Thursday, August 30, 2012

Sraffa Solves Marx's Transformation Problem

"if we want to follow in Marx's footsteps and pass from values to prices of production and from rate of surplus value to rate of profits, the Standard System is a necessary adjunct: for that passage implies going through certain averages and if these are calculated without weights (or with the weights of the real system), a result which is only approximately numerically correct is obtained. If an exact result is wanted the proportions of the St[andard] Syst[em] of eq[uation]s q's [quantities] must be applied as weights. - This is not stated explicitly in the book, but is implied. " -- Piero Sraffa (as quoted by Heinz D. Kurz. "Obituary: Aiming for a 'Higher Prize': Paul Anthony Samuelson (1915-2009)", European Journal for History of Economic Thought, V. 17, n. 3 (August 2010): pp. 513-520.)

4 comments:

Anonymous said...

Is there a relationship between Sraffa's standard commodity and Marx's theory of money as the form of appearance of value (and, extending this, modern conceptions of the MELT)? It seems like there may be some conceptual similarities, but I'm not sure I understand the former well enough.

Ian Wright said...

Hi Robert,

Unfortunately a false claim by Sraffa here. To relate the rate of surplus-value and the general profit-rate the net product must be composed (not measured) in units of the standard commodity, as per your previous post. Hence we get an approximate relation between real-costs, measured in labor-time, and money-costs. Neither Ricardo or Marx were satisfied with an approximate relationship between labor-time and money-costs. Ricardo wasn't satisfied because he understood that any mismatch, however numerically small, indicates "another less powerful cause" of the variation of relative prices, other than labor-time. Hence his measure of value was imperfect. And, in some passages, he was open to the idea that reward for "waiting" was the other, less powerful determinant of profit. Marx wasn't satisfied because his understanding of the relationship between labor-time and money-costs is fundamentally different from Ricardo's (and Sraffa's). The key is the opening three chapters of Volume 1 of Capital where Marx attempts to argue that exchange-value in the market represents labor-time in virtue of the causal regularities of the social practice of commodity exchange. In other words, the economy, objectively, measures labor-time. Ricardo believes the economic theorist should choose the best standard of value. Marx says that the economy, as an objective social practice, has a standard of value, whether we are theoretically conscious of it or not. This is why Marx states his three invariances between labor-time and money-costs and attempts to show they are satisfied in Volume 3 of Capital.

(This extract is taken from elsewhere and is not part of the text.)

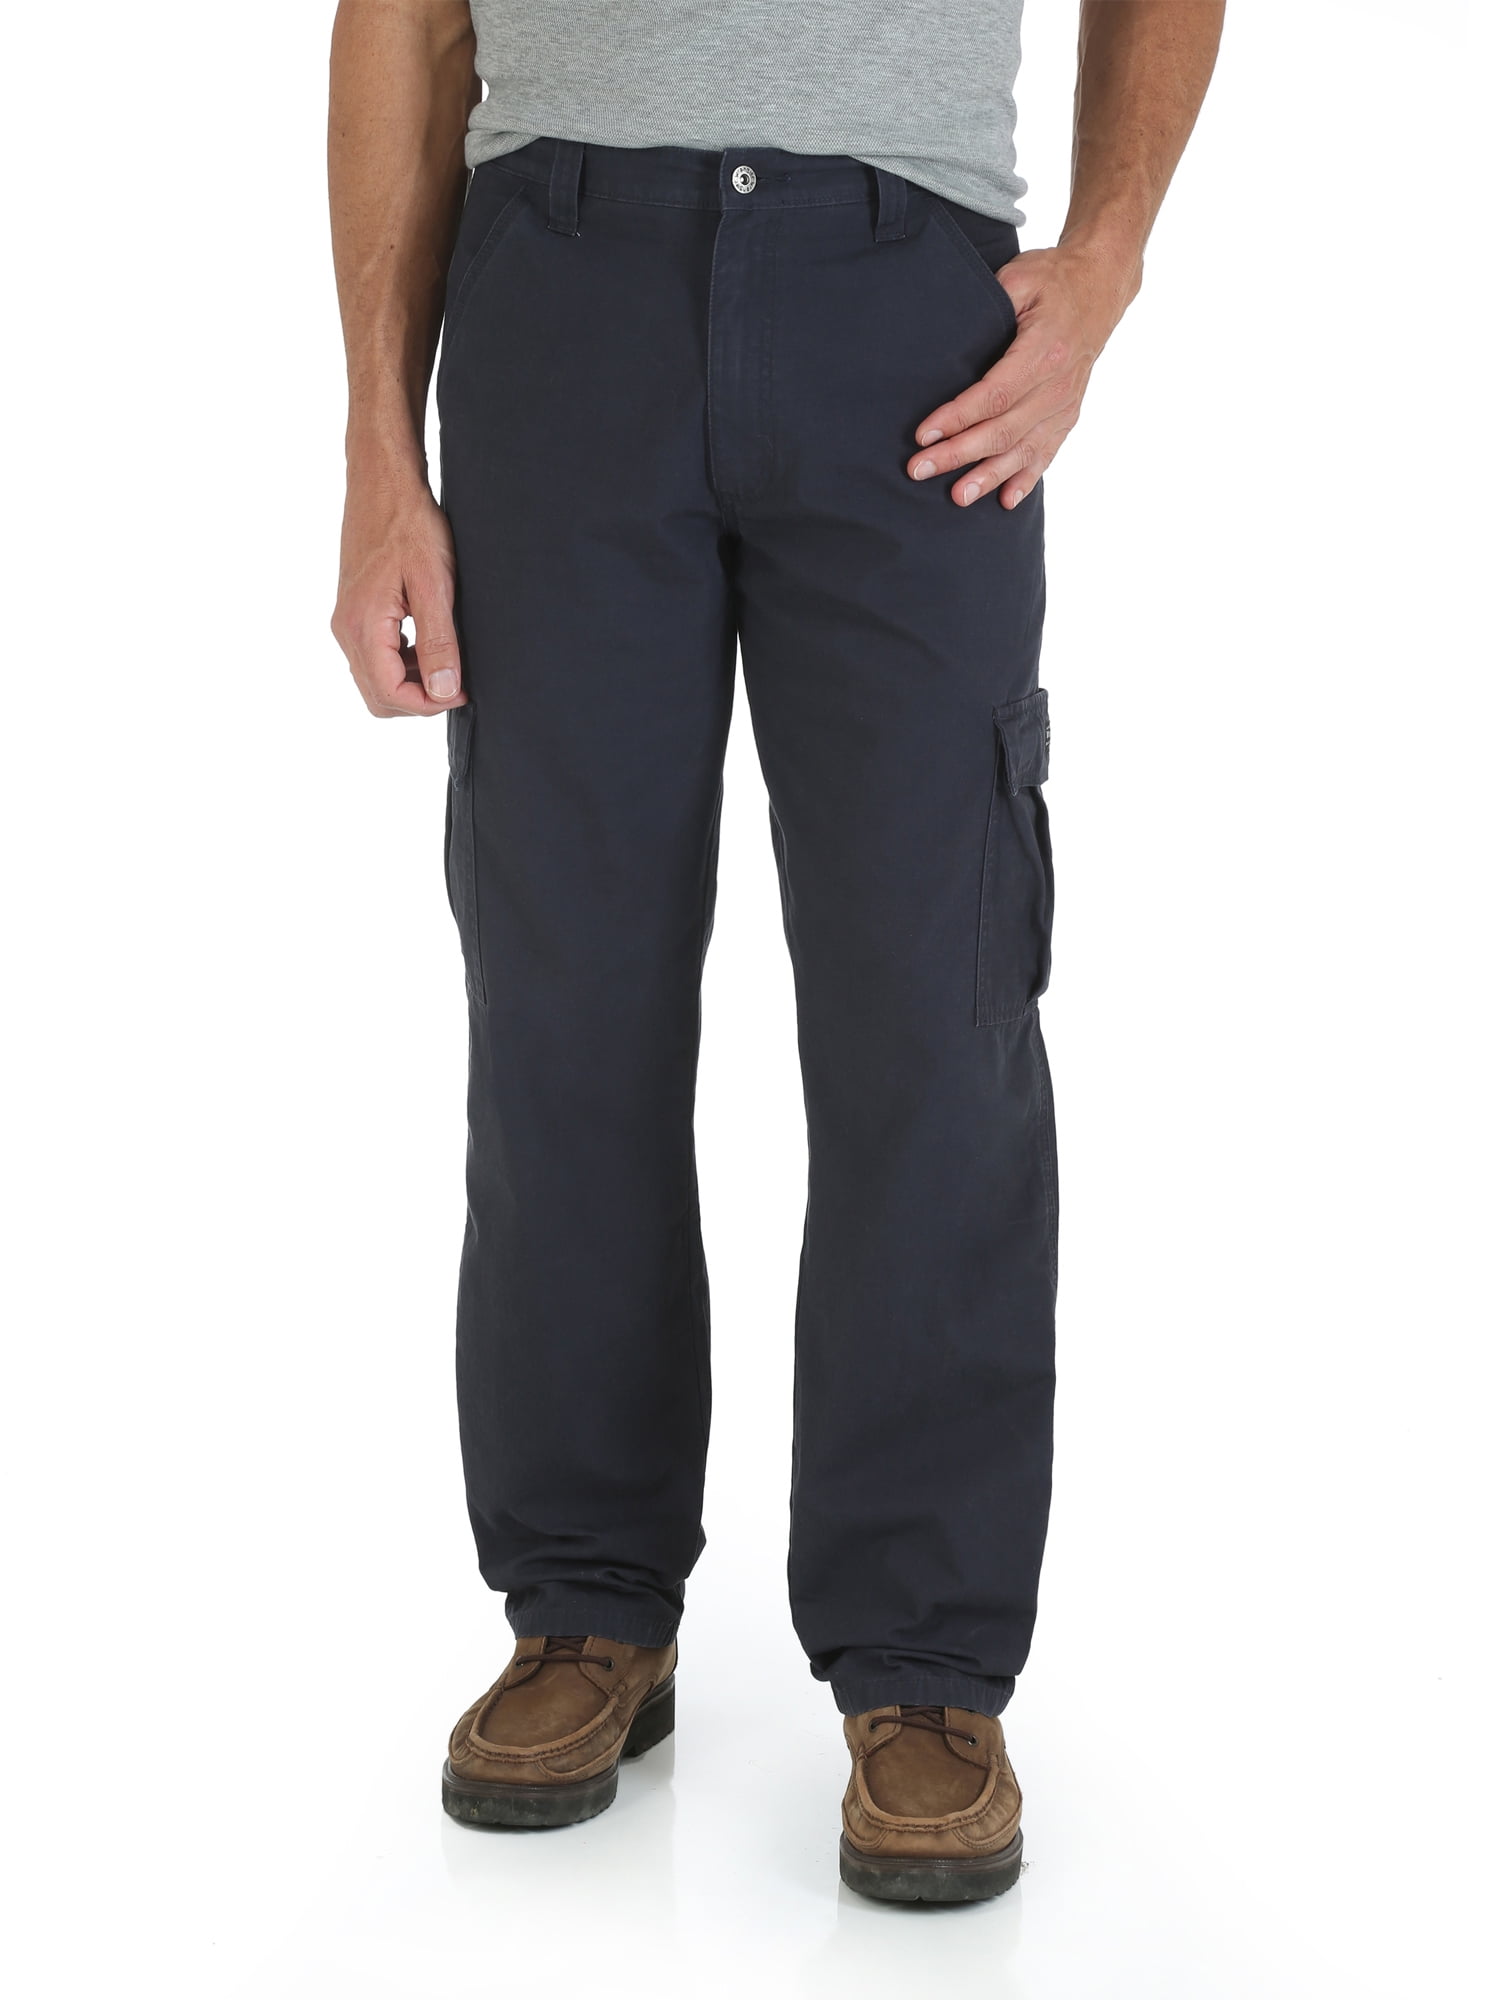 Durable Black Cargo Pants Chefs Garden Industrial Workwear Multi Pocket Trousers 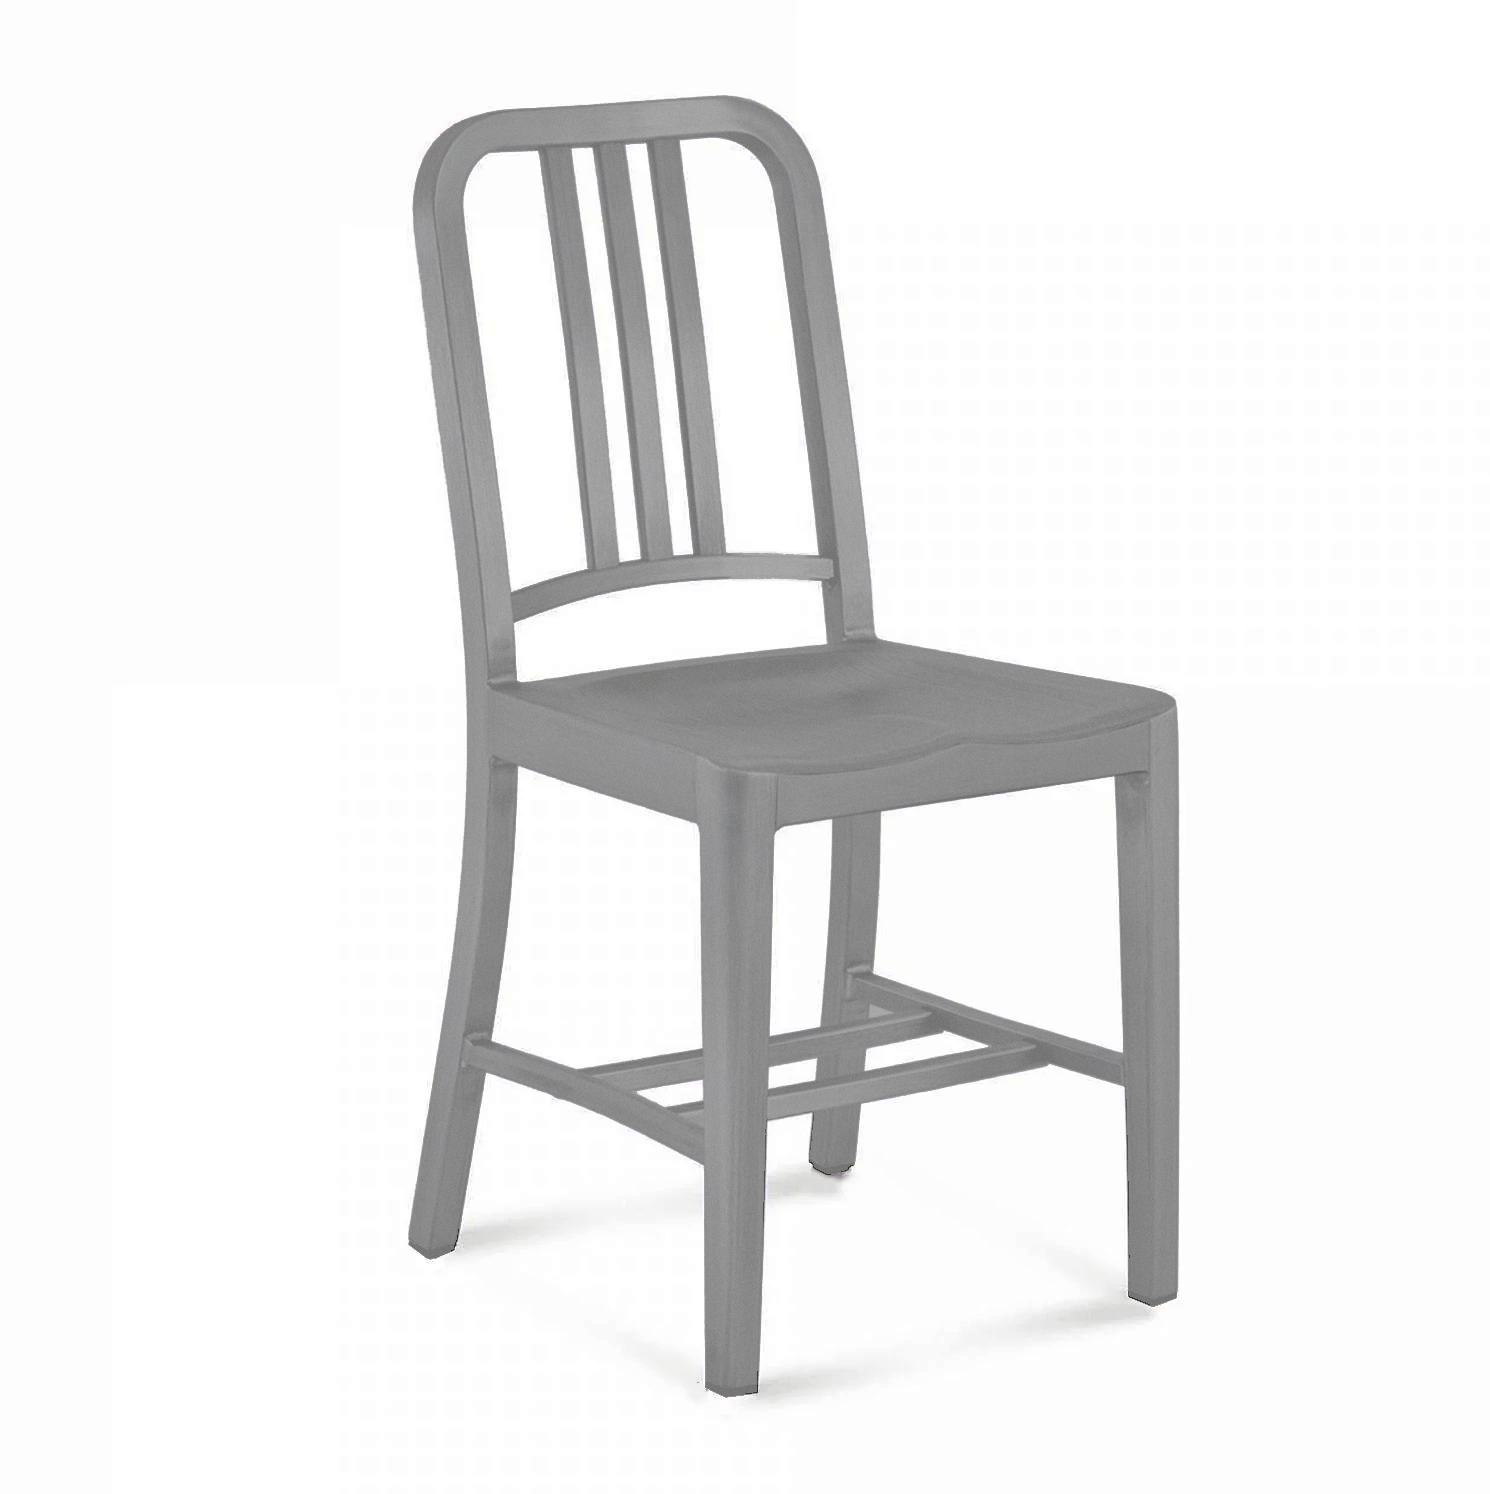 Emeco Style Navy Chair (Aluminium with Powder Coat)

Sraffa's standard commodity, then , being a approximation, even in theory, therefore does not solve the transformation problem, nor does it solve Ricardo's problem of an invariable measure of value. I would say Sraffa merely restates the problem.

Best wishes,
-Ian.

Matias Vernengo said...

Ian:
Sraffa's standard system allows to determine the rate of profit without explicitly determining prices, in the same way that Ricardo's corn model. In that sense, it makes the problems of an absolute measure of value and of transformation irrelevant.
Best,
Matías

Robert Vienneau said...

I am ambivalent on the use of Sraffa's standard system to solve Marx's transformation problem. He does say that propositions regarding the standard system are not "central points" of his book.

I think propositions regarding the standard system and the Monetary Expression of Labor Time are analogous. They both relate labor time to an abstract measure of value, where that measure is related to net national income, in some sense. Real wages are then a proportion, not a fixed, temporally unchanging, basket of goods.

By the way, Ian argues, in his ROPE 2008 article, that certain propositions about the MELT are empirically true, not tautologies.